Quest’esperienza differente di vivere il sesso è un gioco, non solo fisico, ma anche psicologico, una delle tante sfumature per poter vivere la relazione in modo fantasioso. In Italia sono più di quattro milioni le persone che lo praticano, e si è voluto analizzare In un recentissimo studio, l’associazione di stabilità mentale e BDSM nelle coppie.
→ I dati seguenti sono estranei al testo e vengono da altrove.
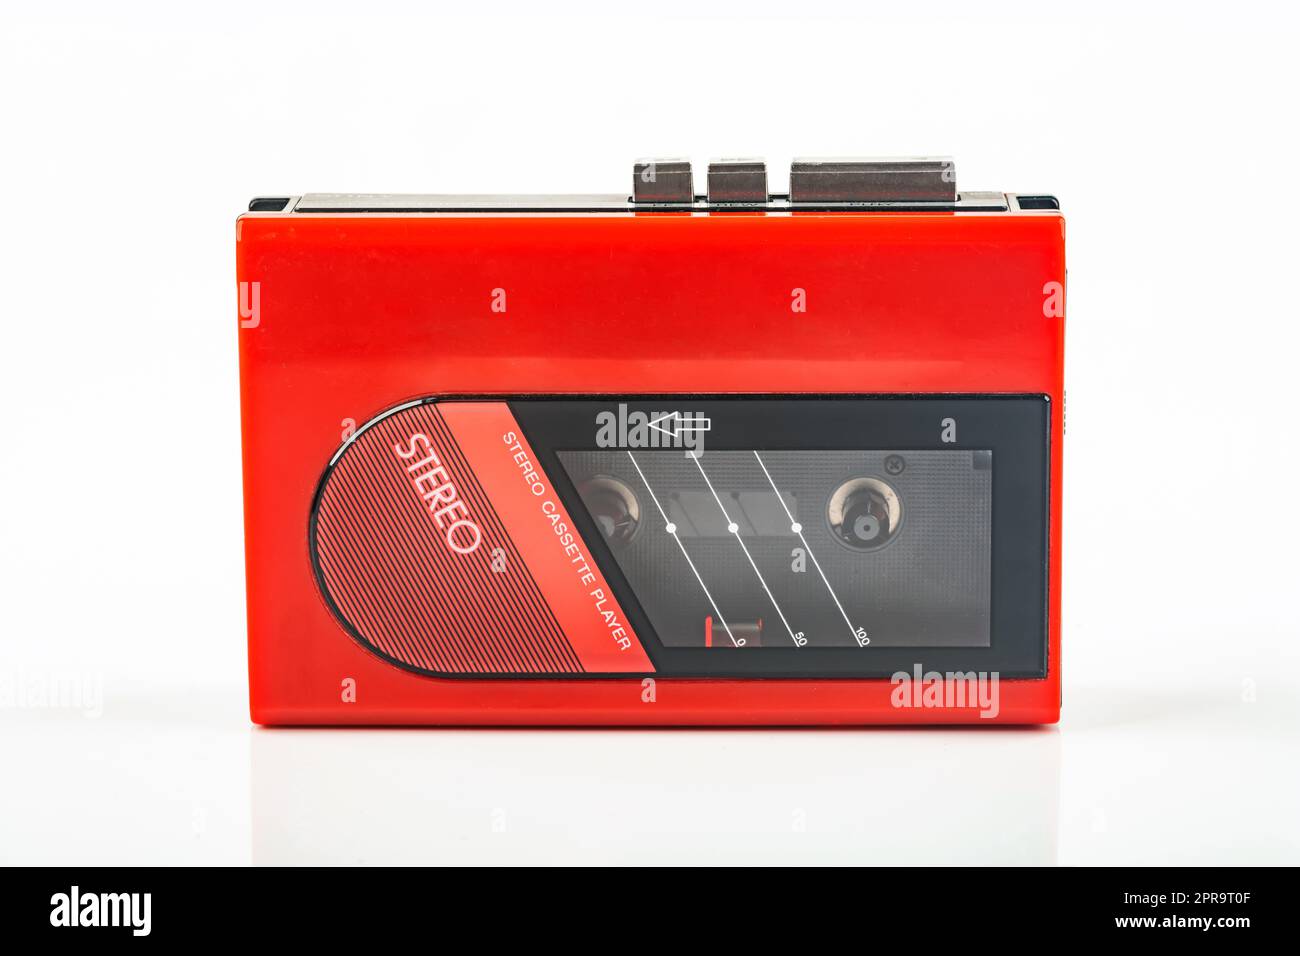 Analogue audio cassette player Stock Photo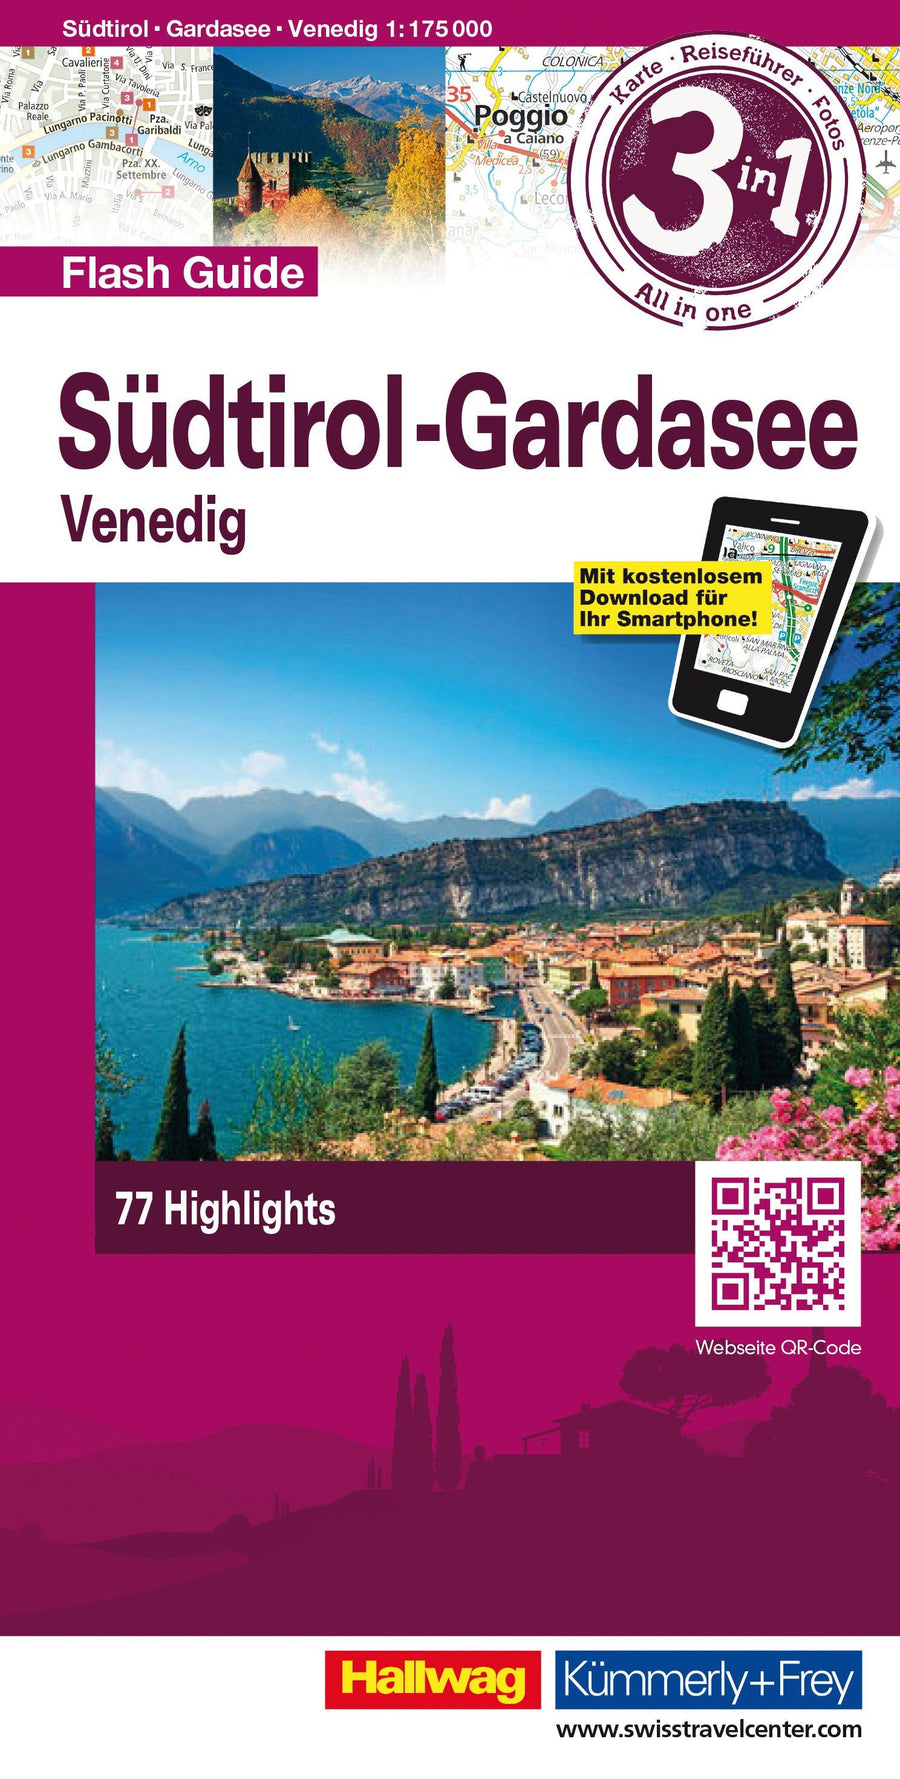 Carte de voyage - Tyrol du Sud, Lac de Garde, Venise Flash Guide | Hallwag carte pliée Hallwag

Sono stati scelti 935 volontari dediti al BDSM, il 90% ha associato il BDSM ad un un senso di libertà, il 98% al piacere, il 91% ad un senso d’avventura, ancora il 91% ad una diminuzione dello stress e il 97% ad emozioni positive.


Lo avreste mai detto?


Ogni partner possiede un ruolo e lo scambio di potere è la parte essenziale.

Chi esercita l’autorità è chiamato master o dominatore, chi subisce invece, è chiamato slave. Lo switch invece è colui che interpreta entrambi i ruoli.

Colui che è sottomesso decide il suo limite, per far si che il rapporto sia vissuto in totale sicurezza e tolleranza, con una “safe word”, che può essere un animale, un colore, un nome comune, un gesto nel caso si fosse imbavagliati, limitati nel movimento o privati sensorialmente.


Lo scopo di questa pratica sessuale è il piacere ed il benessere.

Questo non è sempre associato ad un fisico soddisfacimento sessuale, ma proviene anche da un intenso dolore, dalla frustrazione dall’idea che il piacere non sia garantito, ma dipenda da un’altra persona più potente.


Il sesso biologico sembra influenzare i ruoli BDSM: gli uomini assumono più frequentemente ruoli dominanti e le donne mostrano un interesse significativamente maggiore verso fantasie sessuali di sottomissione e preferiscono uomini dominanti. Il potere, dando una spinta all’autostima e alla sicurezza in se stessi, incoraggia l’abbandono delle inibizioni relative ai ruoli sessuali e alle norme sociali, permettendo un comportamento più attento alle emozioni e ai desideri più nascosti.


È importante non considerare questa pratica sessuale una parafilia, una situazione patologica, ciò che fa la differenza è lo stato emozionale che veicola le azioni e permette di viversi il rapporto positivamente.


Provare, svincolandosi dal pregiudizio del giusto e sbagliato, permette di dare voce ai propri desideri e riconoscersi come coppia.